French Ambassador 'Saddened' by Azam Khan's Remarks on Paris Attack

17/11/2015 1:02 AM IST | Updated 15/07/2016 8:25 AM IST
A wooden heart with the colours of the French flag rests among candles placed by people outside the French embassy in Madrid, Monday, Nov. 16, 2015. France is urging its European partners to move swiftly to boost intelligence sharing, fight arms trafficking and terror financing, and strengthen border security in the wake of the Paris attacks. (AP Photo/Francisco Seco)

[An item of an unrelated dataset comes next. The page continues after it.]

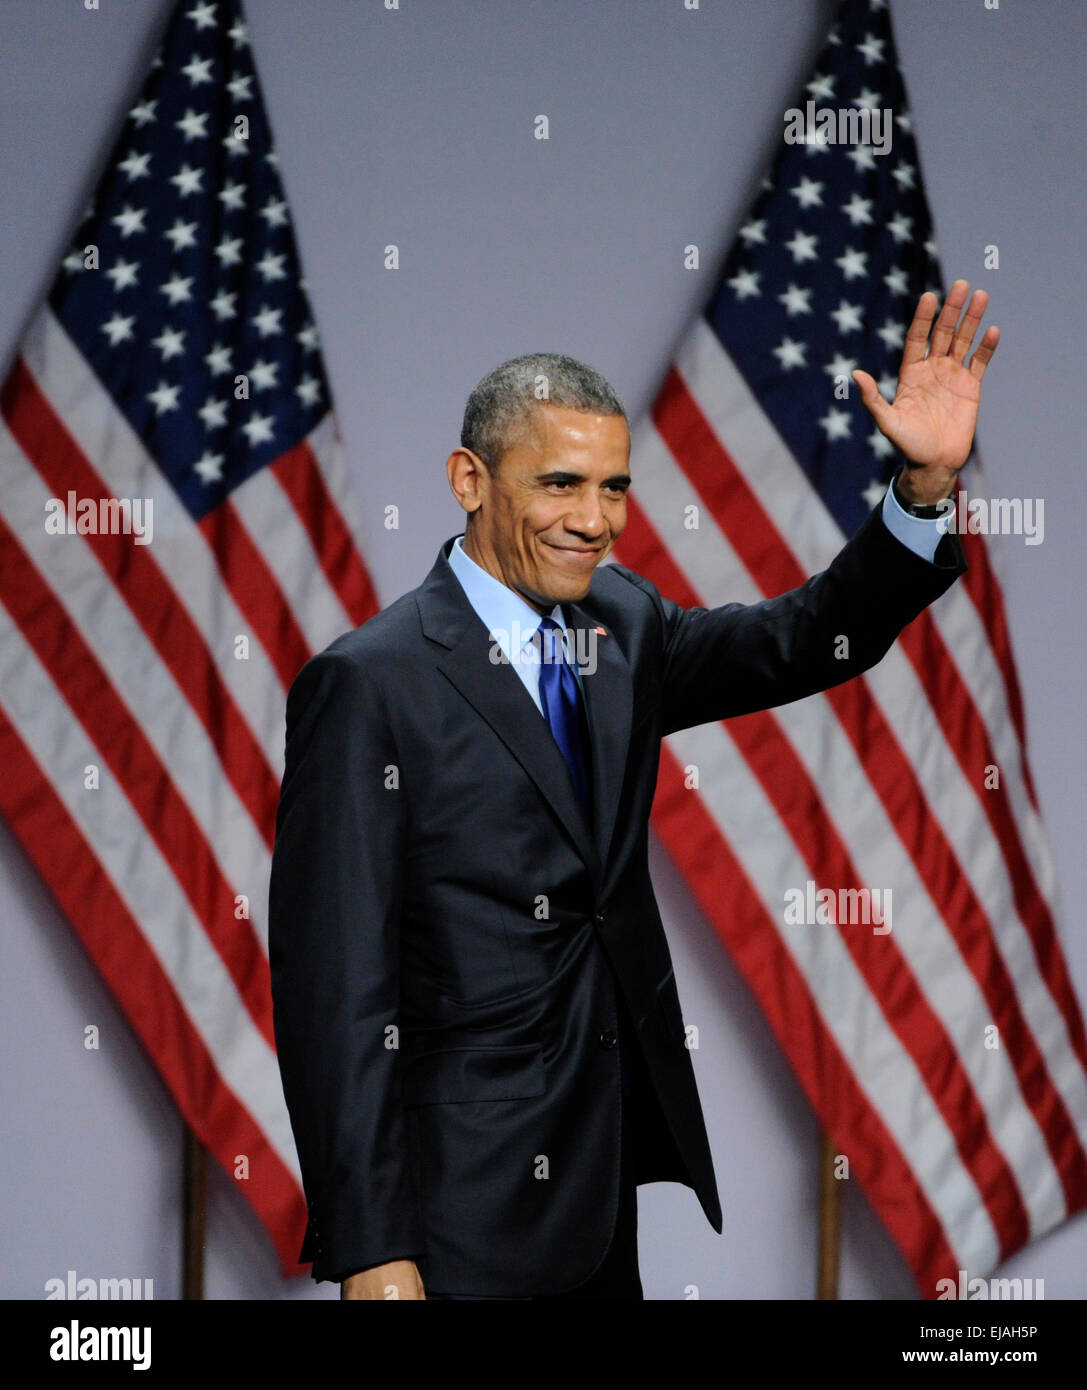 Washington, DC, USA. 23rd Mar, 2015. U.S. President Barack Obama greets audiences during the 2015 SelectUSA Investment Summit in Washington, DC, capital of the United States, March 23, 2015.U.S. President Barack Obama on Monday announced a series of new measures to lure more foreign investment and bolster economic recovery. Credit:  Bao Dandan/Xinhua/Alamy Live News Stock Photo

French Ambassador to India Francois Richier today said he was "saddened" by Uttar Pradesh minister Azam Khan's remark that the Paris terror attack could have been a "reaction" to the "killing of innocents" in Arab countries by "superpowers" including the US.

"I am saddened," Mr Richier told reporters here while reacting to Mr Khan's statement.

Mr Khan, a senior Samjawadi Party leader, condemned the terrorist attacks in Paris but simultaneously raked up the issue of action by the US and Russia in Arab countries, saying "killing of innocents" anywhere is "not justified".

"Whatever the terrorists did in Paris was wrong. But, attack on Arab countries and killing of innocents there by US and Russia is also not justified... We need to look who killed whom first, and after that who retaliated. This is a debatable issue. You strike bombs through drones to kill the innocents... History will decide who is a terrorist and who is wrong," he said.

"If this attack is a reaction then the superpowers must think about it. What action led to this reaction and whether their action was justified? They need to think otherwise there is apprehension that the situation will get worse. I think the world is heading towards another World War," Mr Khan had said yesterday.

Reacting sharply to the minister's remarks, BJP demanded action against him and dared the Samajwadi Party leadership to make public its stand, saying it would otherwise be construed that it supports terrorism.

Three teams belonging to the terrorist organisation Islamic State (ISIS) carried out coordinated gun-and-suicide bombing attacks across the French capital on November 13 that left at least 129 people dead and 352 injured, attracting condemnation from an entire spectrum of world leaders.